Mais c’est en jouant d’un répertoire multiple de mimiques corporelles que l’enseignant
assurera cette tâche avec efficacité.
a. Rendre l’enseignement vivant :
L’enseignant doit savoir articuler langage verbal et langage corporel. Car certes, dans
la classe, le savoir transite principalement par la parole. Mais, est-ce que tout individu sachant
parler est capable d’instruire et d’éduquer efficacement toutes sortes d’élèves ? Je ne le pense
pas.

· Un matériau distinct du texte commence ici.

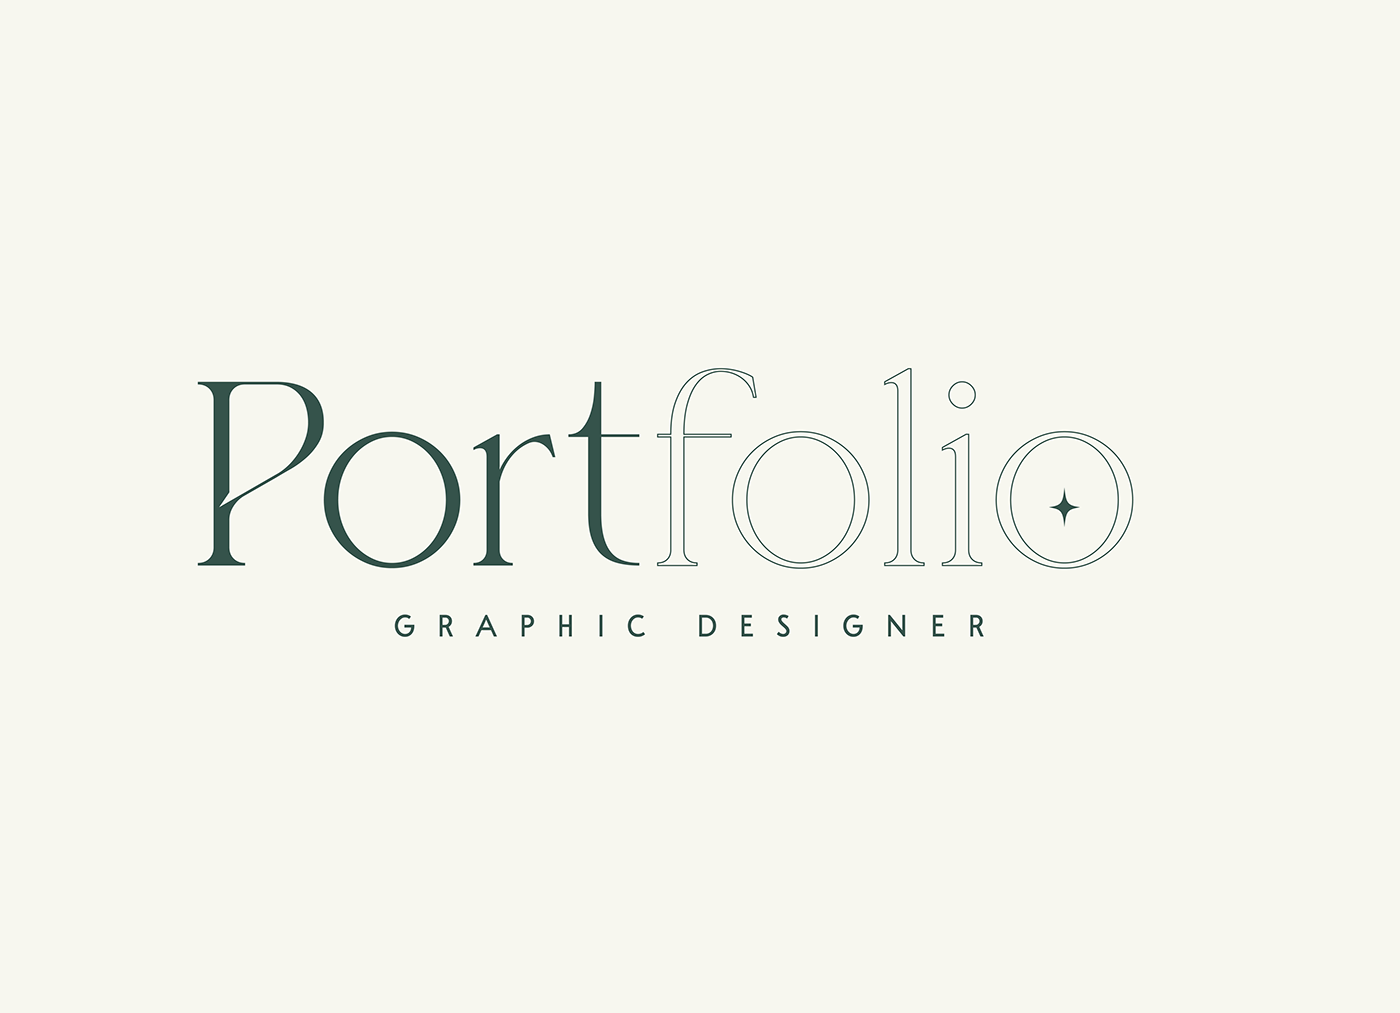 CV Graphic Designer portfolio Portfolio Design Resume uitm uitm perak uitm seri iskandar

D’ailleurs nous avons tous déjà entendu un des motifs de non validation de l’année de
PE2 : « il/elle n’était pas fait pour ça ». Le problème n’est certainement pas celui des
connaissances car le concours a déjà fait la sélection sur ce point. Non, l’enseignant doit tout à
la fois faire autorité et fasciner tout en assurant efficacement la transmission des
apprentissages. Pour cela il ne peut faire l’économie d’une mise en scène de son corps.

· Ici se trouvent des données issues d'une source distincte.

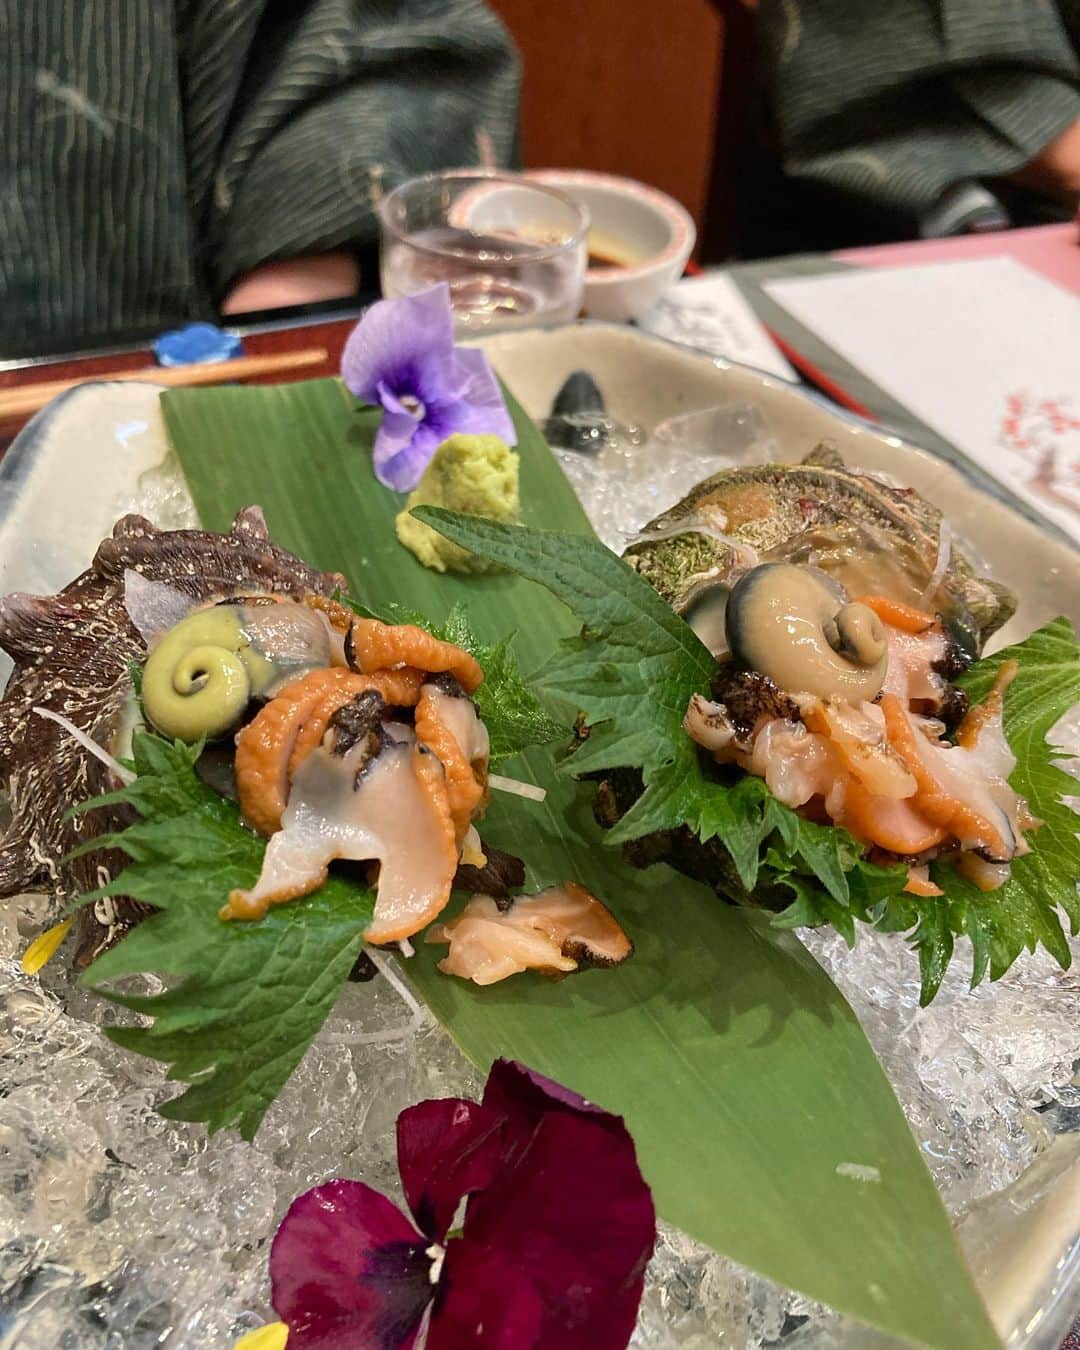 上田愛子さんのインスタグラム写真 - (上田愛子Instagram)「#愛子先生の出雲旅行⛩  とにかくずっと食べてたw 2キロくらい太ったw  写真を美味しくて感動した順に 並べてみました🥢  島根はどのお料理も美味しくて… 本当に最高だった。  お蕎麦もお魚もお肉も 全部美味しくてびっくりした。  それでは長いですが よかったら読んでください🥢  ①出雲大社の中の揚げ物かまぼこ屋さん 揚げたてアゴ入りメンチカツ アゴのすり身を使ったメンチカツ。超めずらしい。 東京にはあまりない味。サックサクの揚げたてで150円くらいだし衝撃の美味さだった！🐟  ②手打ち十割蕎麦　出雲そば 砂屋さんの3色出雲蕎麦 美味すぎた。数々の蕎麦を食べまくってる私が言うのだから間違いない。甘めの濃いめのお出汁をかけて、好きな薬味を乗っけて頂くお蕎麦。食べ飽きないし、出汁が美味すぎて飲んじゃえるくらいw 十割蕎麦はポソポソになりがちなのに、 しっとりと柔らかく蕎麦の香りは強くて最高だった。 40分並んだ甲斐がありました。  ③ のどぐろ丼　しじみ汁セット 出雲大社目の前の新世界という小さなお店 島根ののどぐろは安くて脂乗ってて美味しいと聞いたので、のどぐろ大好きGALとしては食べるしかない！！ ほんまに脂乗っててとろけた… 量は少なめだけど、しじみ汁ついて1400円。 コスパ良き。あとこの店のアサヒ生ビールが冷えてて、樽の掃除ちゃんとしてるからなのか？ とにかく死ぬほど美味かったw 島根は生ビールがアサヒスーパードライばかりなのも推せる。まじ最高！ 近くの湖で取れたしじみは出汁と旨みが凄い。 身も大きくて最高！肝臓にも良い！  ④のどぐろ丼と同じ店で食べた生牡蠣 牡蠣の刺青入ってるくらい牡蠣好きだから食べないわけにはいかぬ。1000円とコスパ良くはないが、なんかめちゃくちゃ美味かった… 大きくてサッパリとして臭みがなく、 でも最後はクリーミー！ 生牡蠣もキーンと冷えて身はプリプリ！ 食べて良かった♡  ⑤⑥お宿 長楽園の夕食 真鱈と雲子の茶碗蒸し 無類の白子好きなわたしは雲子が大好き。 さらにそれを茶碗蒸しに入れてるなんてうまいに決まってる！！黒胡椒がきいた甘めの出汁と雲子のクリーミーさ、お魚の旨みが最高のハーモニーでした(語彙きもいね)  ⑦ お宿 長楽園の夕食 金目鯛のしゃぶしゃぶ 二日目のお夕食ででてきた、しゃぶしゃぶ。 脂の乗った金目鯛を熱々の出汁にしゃぶしゃぶして おネギと一緒に自家製のゴマだれにつけて頂く… うま！？うめえ！！ なんだ！？なんでこんな美味いんだ！？ 出汁が美味すぎて全部飲み干したよw アゴだしと金目鯛の出汁に甘め醤油の味かな？ とにかく金目鯛はプリプリだし、 出汁飲み干すくらい美味しかった。。  ⑧お宿 長楽園の夕食 サザエのお刺身 妹が頼んだ、別料金のサザエ刺身。 私たち姉妹は貝がめちゃくちゃ好きだ。笑 見て！わかる？サザエの肝の色がすごいの。 新鮮すぎて黄緑色っぽいの！ 身はコリコリシコシコで最高に美味しかった追加料金1500円くらいだったかな？ とにかく何もかも安くて美味しい。 海鮮が美味しくて幸せです。  ⑨ お宿 長楽園の夕食 これも2日目の締めのご飯。 雲丹の釜飯。 地元の海で育った雲丹の炊き込みご飯。 目の前で釜飯で炊き上げてくれます🍚 炊き立てを食べれる幸せ。 薬味に小口ネギと島根県産のエゴマを混ぜてあって、 エゴマのプチプチとした食感とエゴマの風味が しっかり味の雲丹と素晴らしい味付けでした。 おかわりしたかった。  ⑩ お宿 長楽園の夕食 真鯛のカブト煮 甘めの味付けが最高に美味しかった！ 脂が乗っていて、辛口の島根県産の日本酒と最高に合う。 頬の身が特にプリプリしていて味が濃くて美味しかった。。パパが顔のままだと食べれないから、 身だけ取ってあげた優しいわたしw  以上です🥢🥢🥢 ぶっちゃけ旅館のお料理はお安めのツアーのだし お食事目当てじゃないから全然期待していなかったの。  でも二日間とも朝も夜もめちゃくちゃ美味しかった。 まじで感動した。 お料理を愛を込めて丁寧に作っているのがわかる。 素朴だけど美味しくて素材の旨味を感じる味付け。  派手さは全くないのだけど 口にすると、めっちゃくちゃ美味しい。 出汁やちょっと甘めの味付けが最高だ。 家族4人感動して、 めちゃくちゃな勢いで食べた。笑  お米も最高に美味しい。 お水が綺麗だからか地酒も最高。 物価も安くて、どんなものも安くて美味しくて とてもコスパが良かった。  島根県、最高すぎます。 またぜったい来たい！  今回泊まったお宿は 玉造温泉の長楽園というお宿だよ♨️  露天風呂も温泉も接客もお料理も 全て最高でした。ありがとうございました。  #愛子先生の出雲旅行⛩ まだまだ続くよw  #島根県 #島根旅行 #島根グルメ #島根観光 #出雲 #出雲大社 #出雲グルメ #出雲ランチ #出雲旅行 #出雲大社グルメ #出雲そば #出雲蕎麦 #玉造温泉 #玉造温泉グルメ #玉造温泉♨️ #長楽園」3月13日 10時31分 - aikosenseidayo

« C’est par des métaphores très « physiques » que s’expriment, par la bouche du maître, l’acte
d’enseigner et le rapport au savoir. Un corps, une « poigne », une « présence » sont
indispensables pour faire ingurgiter les connaissances » (PUJADE-RENAUD, p.31).
C’est pourquoi l’enseignant doit posséder un peu ce pouvoir d’acteur, cette capacité à mettre
en scène les contenus d’enseignement. Cela passe par le « parler avec les mains », par les
déplacements, par le moindre geste, la moindre attitude qui théâtralise son enseignement. Car
le savoir ne s’impose pas de lui-même aux enseignés, c’est l’enseignant qui doit le rendre
parlant en utilisant son corps. Et c’est toute cette mise en scène qui accroche les élèves et qui
fait que l’enseignant ne pourra jamais être remplacé par une boîte vocale qui débiterait une
montagne de connaissances. D’ailleurs il est des classes où sa capacité à jouer de sa corporéité
sera plus rudement éprouvée : dans les classes agitées ou à faible niveau. Car, moins la classe
suit, plus il faut utiliser tout son pouvoir, sa présence physique et jouer sur tous les paramètres
qui la composent.
Dans ma classe de CP j’ai donc cherché au maximum à instituer ce type de conduites
corporelles. Par exemple, comme je désirais le maximum d’attention pendant que nous
expliquions les consignes des exercices qu’ils allaient devoir réaliser seuls, j’exigeais que tous
posent les objets qu’ils pouvaient être en train de manipuler et leur demandais d’être
particulièrement attentifs aux explications qui allaient suivre. Je leur ai appris à lire ces deux
consignes dans les mimiques que je mettais alors en place devant eux. Je m’engageais d’abord
à circuler dans la classe en verbalisant le changement d’activité, pour qu’ils me suivent du
regard car je suscitais ainsi leur curiosité. Ayant ainsi attiré leur attention sur moi, je me
recentrais devant les élèves et leur exposais alors clairement deux codes gestuels : d’abord, je
levais mes mains à hauteur de ma tête en faisant gesticuler mes doigts puis je mettais mes
mains derrière mes oreilles en les écartant vers l’extérieur. Pour que les élèves comprennent
ce que je cherchais alors à leur signifier, et qu’ils puissent systématiser une lecture immédiate
et juste de ces mimiques, j’ai dans un premier temps accompagné ces gestes d’une
verbalisation qui les explicitait. Pour le premier geste : « on pose tout ce que l’on a dans les
mains » et pour l’autre « on écoute, on ouvre bien grand ses oreilles ». Puis j’ai pu me passer
de ces consignes vocales, seules les consignes gestuelles suffisaient à exprimer ce que
j’attendais. Mais le codage gestuel peut remplir d’autres fonctions.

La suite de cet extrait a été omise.